-- What you need to do --
Begin with the line below holding "T-Shirts Forest /" and go on through the line holding "Pablo Picasso, Nudo", duplicating each line exactly and leaving out pictures.

-- Supplied data --
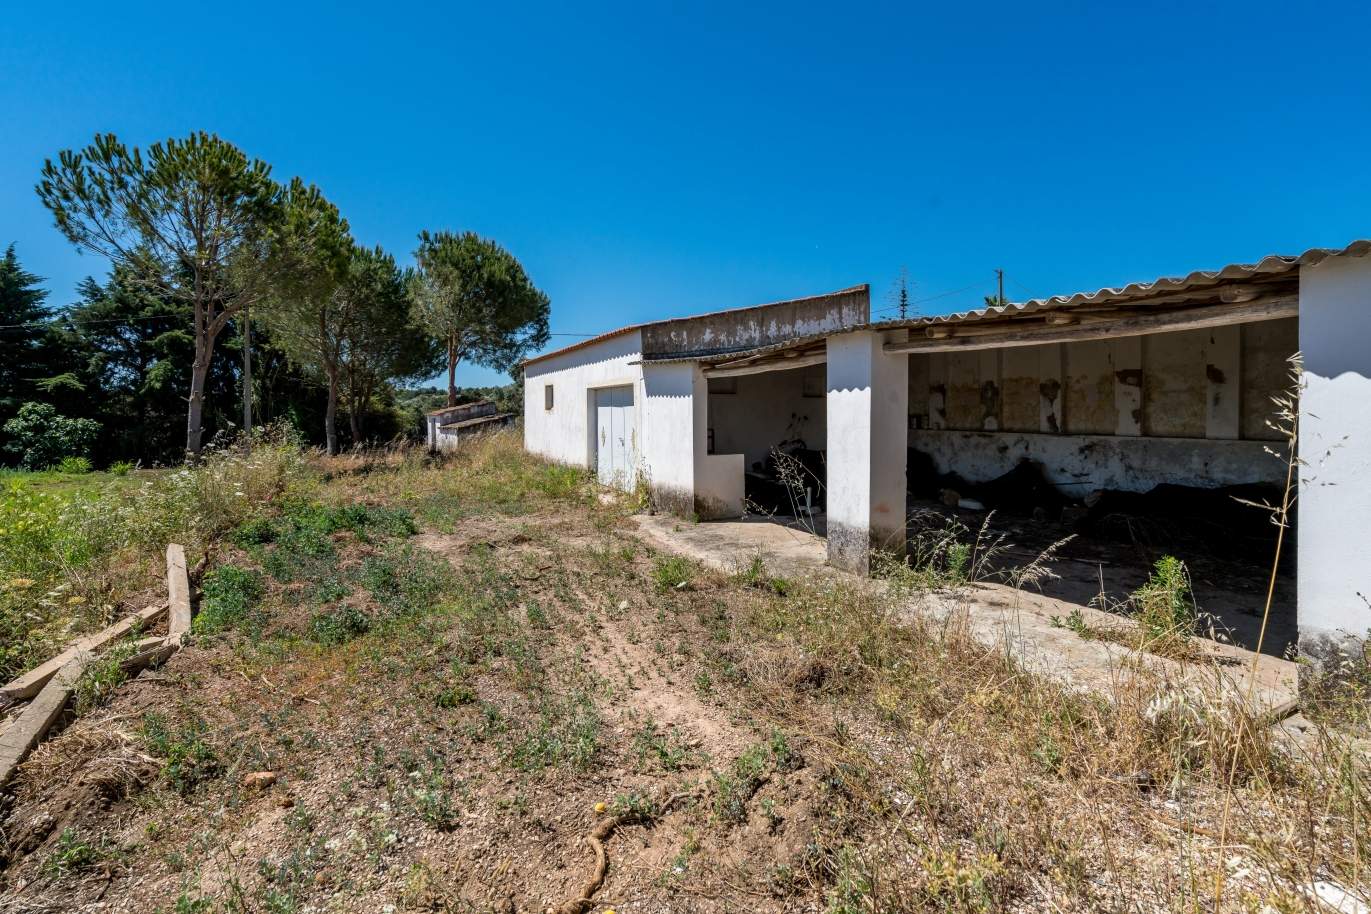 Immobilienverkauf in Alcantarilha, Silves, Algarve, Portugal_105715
* * *
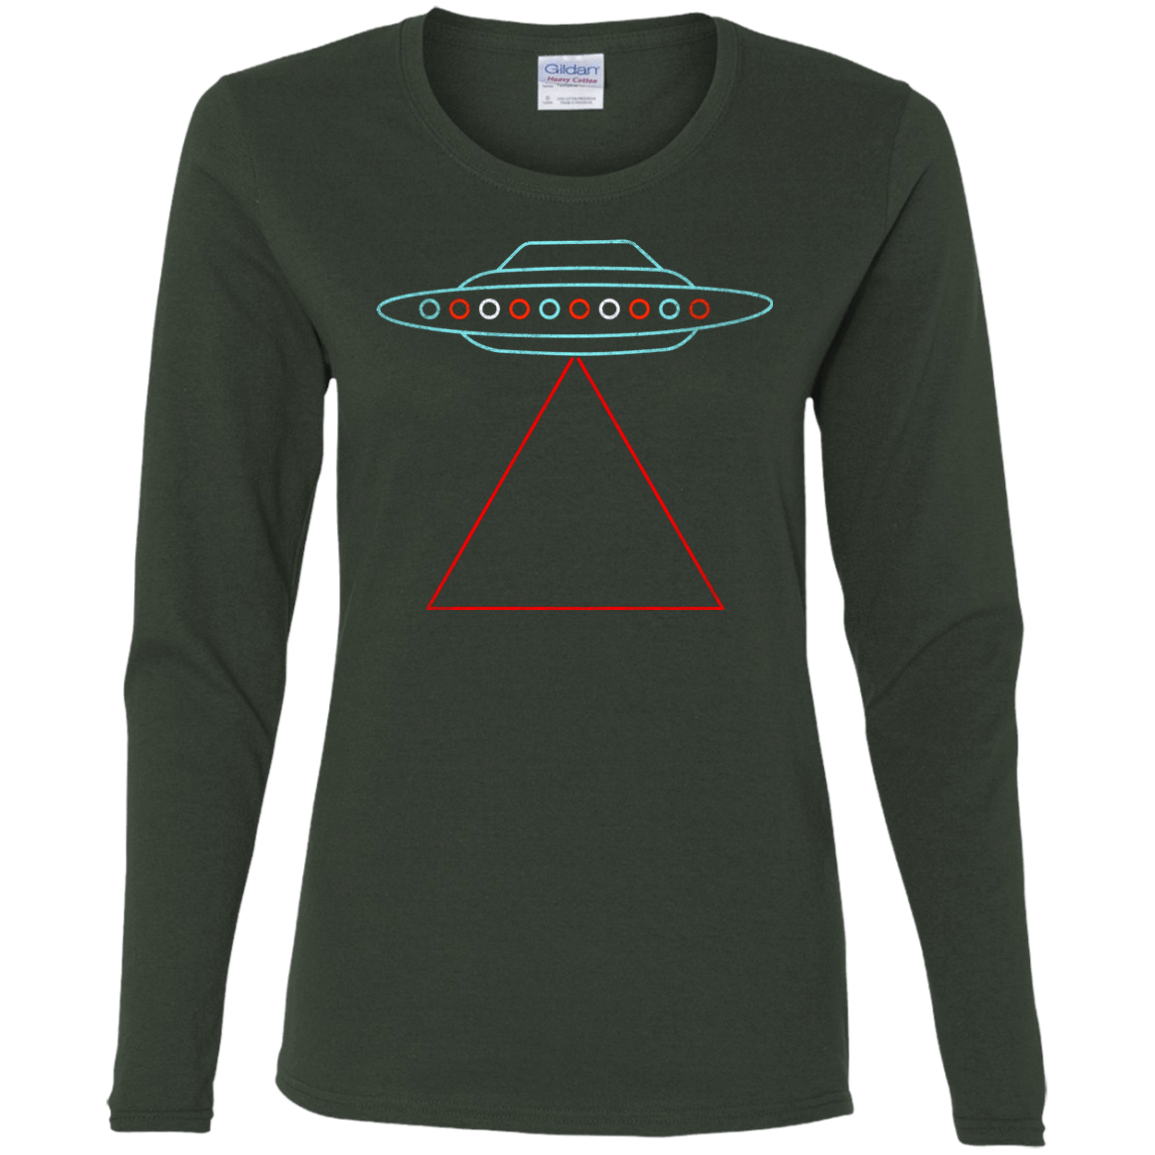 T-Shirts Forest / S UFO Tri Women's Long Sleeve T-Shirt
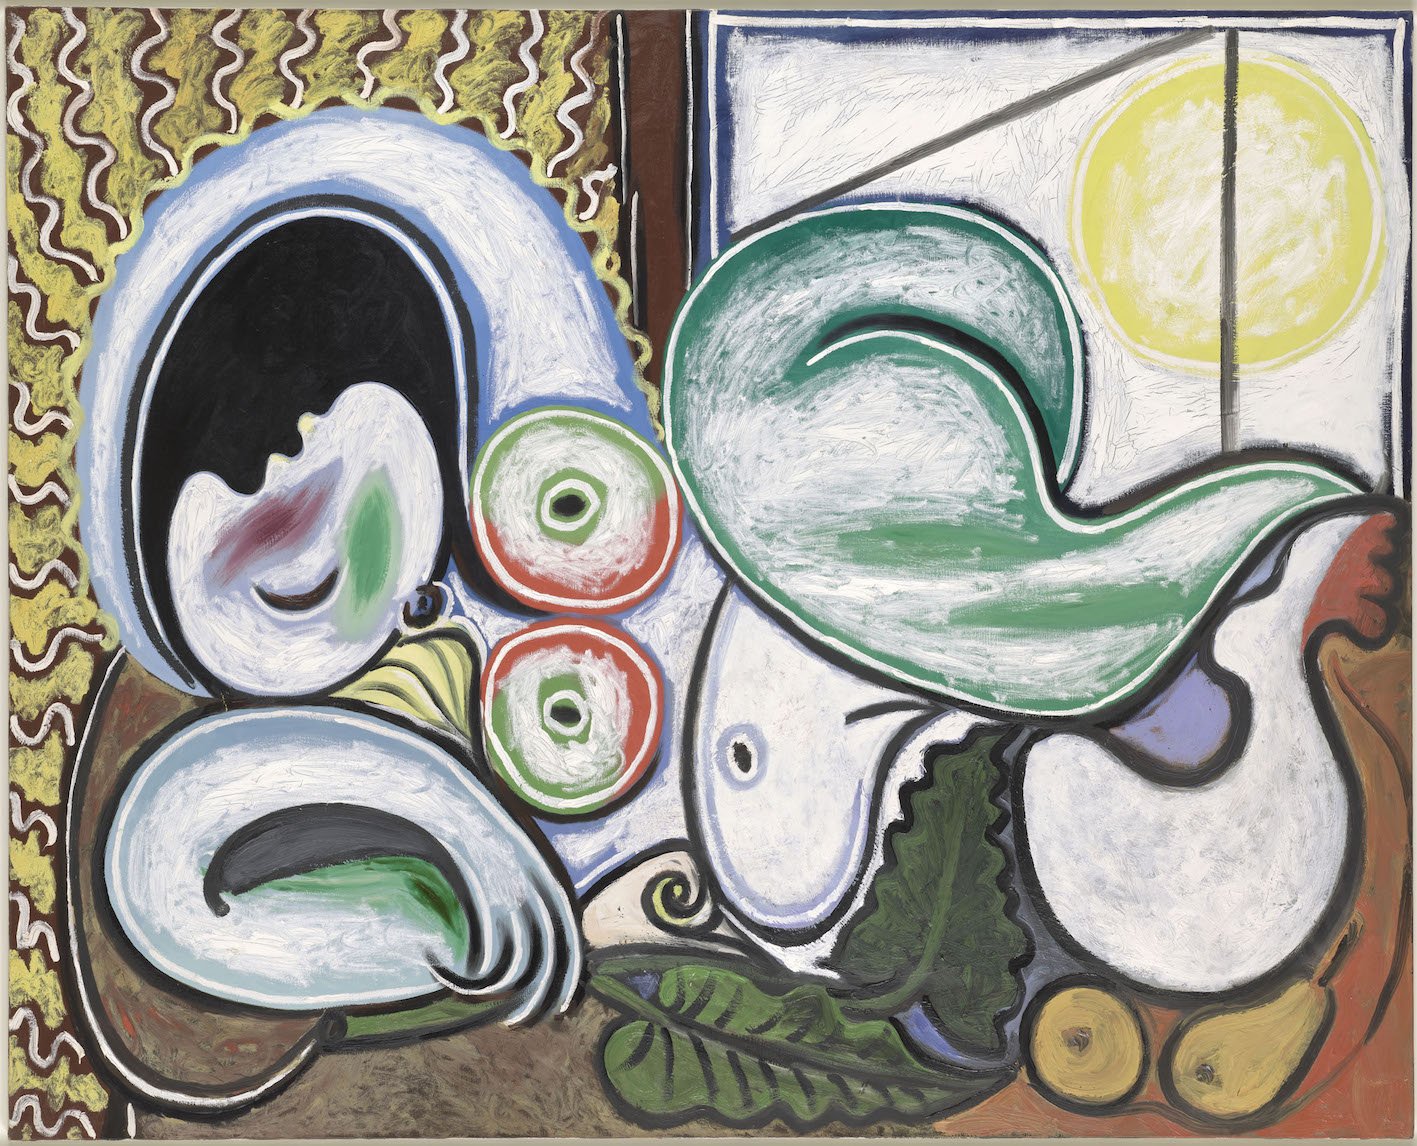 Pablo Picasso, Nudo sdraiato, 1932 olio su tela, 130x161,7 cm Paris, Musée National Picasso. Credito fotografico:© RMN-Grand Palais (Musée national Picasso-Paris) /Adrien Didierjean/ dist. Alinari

-- Answer below --
 T-Shirts Forest / S UFO Tri Women's Long Sleeve T-Shirt
 Pablo Picasso, Nudo sdraiato, 1932 olio su tela, 130x161,7 cm Paris, Musée National Picasso. Credito fotografico:© RMN-Grand Palais (Musée national Picasso-Paris) /Adrien Didierjean/ dist. Alinari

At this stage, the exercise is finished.